With a highly educated populace, a sizable community of scientists, engineers and technicians, many speculated in the early 1990s that the first post-Soviet generation, now come of age, would be agents of change. Wild West capitalism would be tamed by a modern, globalized new Internet  generation and a post-communist system settling down to something like contemporary norms. Russia would become more like the rest of Europe, less like the Sopranos. Yet nearly two decades later, Moscow has failed to substantially diversify its economy and build on its considerable human capital to position itself for the new knowledge economy on the horizon of electrification of transport, biotech, nanotech, new materials, and emerging clean energy technologies. Or for that matter, even diversify its economy much beyond hydrocarbons. Many thought that the post-Soviet generation now in their 30s and 40s would be the architects of a new modern Russia, part of the European landscape. Perhaps eventually.
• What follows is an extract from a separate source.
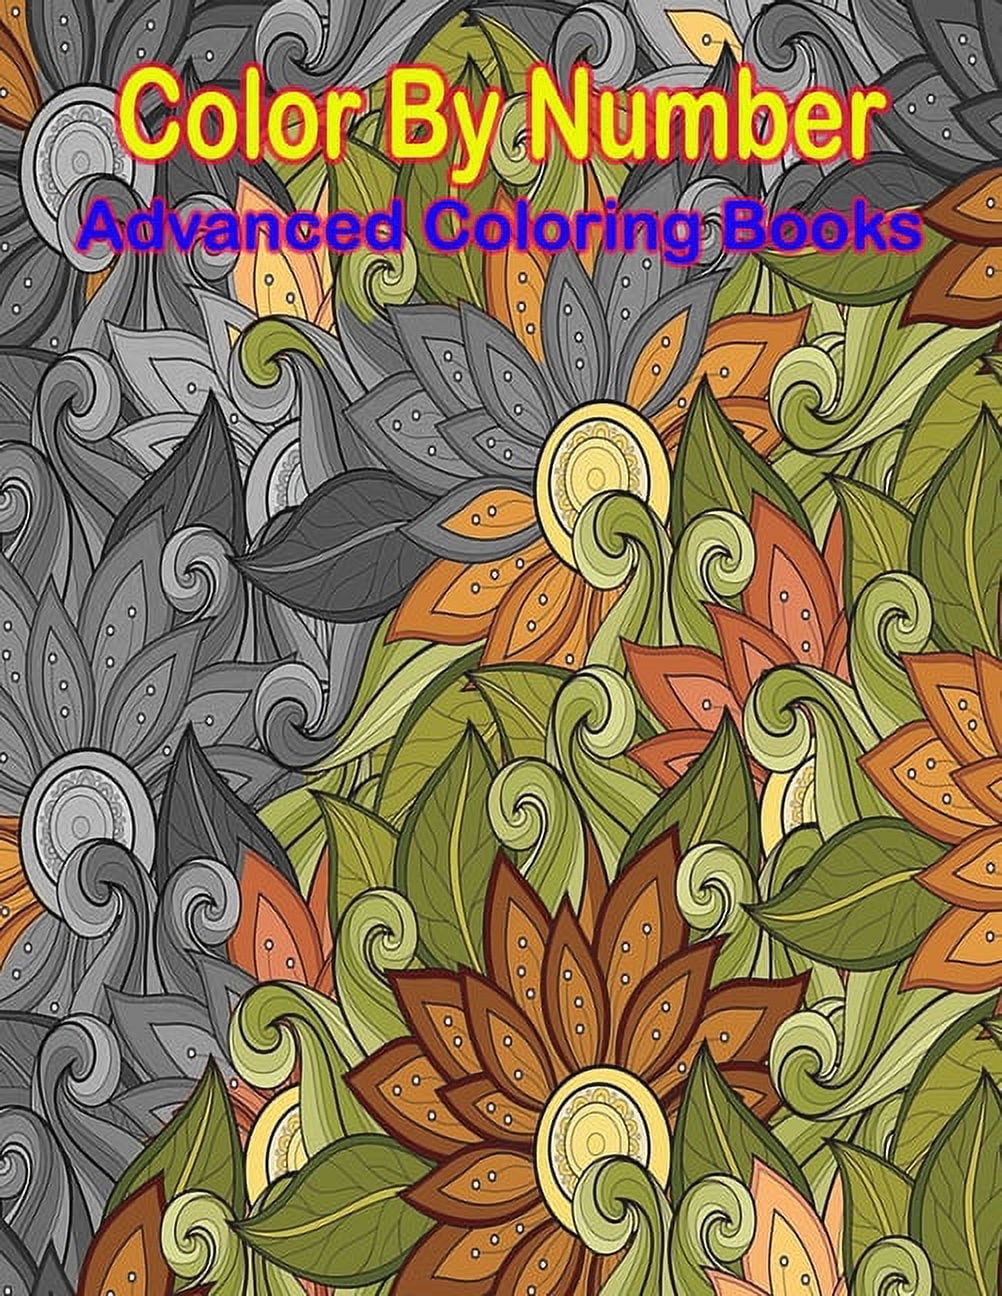 Color By Numbers Kids Ages 8-12: 50 Unique Color By Number Design for  drawing and coloring Stress Relieving Designs for Adults Relaxation  Creative hav (Paperback)

But it doesn’t quite seem so yet.

There are here and there a few glimmers of such a future. But it hasn’t really jelled. The old Soviet-era only-half-joking line was that the USSR was “Nigeria with rockets.” But it does not appear to have moved far beyond being a petro-state. Of course, with its nuclear warheads, permanent seat on the UN Security Council, and enormous oil production and the world’s largest gas reserves, it has a considerable impact and demands attention.

Yet hardly a month goes by with out some atavistic headline underscoring a depressing Russian reality beneath the glitter of its petrowealth. An investigative journalist or human rights worker found dead. All too rarely, it seems, is a culprit brought to justice.  Recently, a Russian police official doing research under the auspices of a George Mason University research center in Vladivostok was arrested for obtaining evidence of high-ranking local officials complicity in criminal takeovers of businesses. According to the Washington Post  cases of mafia-type strong-arm tactics are still commonplace. Then there is the experience of IKEA, trying to open a store outside of Moscow, but told by authorities they would have to pay bribes to get electricity, and a disheartening episode that IKEA went public with to the New York Times. The upshot is that is will be while before IKEA invests in Russia again. This, a generation after the Soviet implosion.

Even Medvedev has bemoaned the state of Russia’s dysfunctional courts and said “legal nihilism” is one of the main obstacles to growth in Russia. A recent Washington Post article  detailed the fate of three prominent Russian attorneys who found themselves targets of prosecution after uncovering a mind-boggling crime: top police and tax authorities managed to seize ownership of the investment firms owned by Hermitage Capital, once one of Russia’s largest foreign investors, and arrange a $230 million tax refund. Seems like same old, same old.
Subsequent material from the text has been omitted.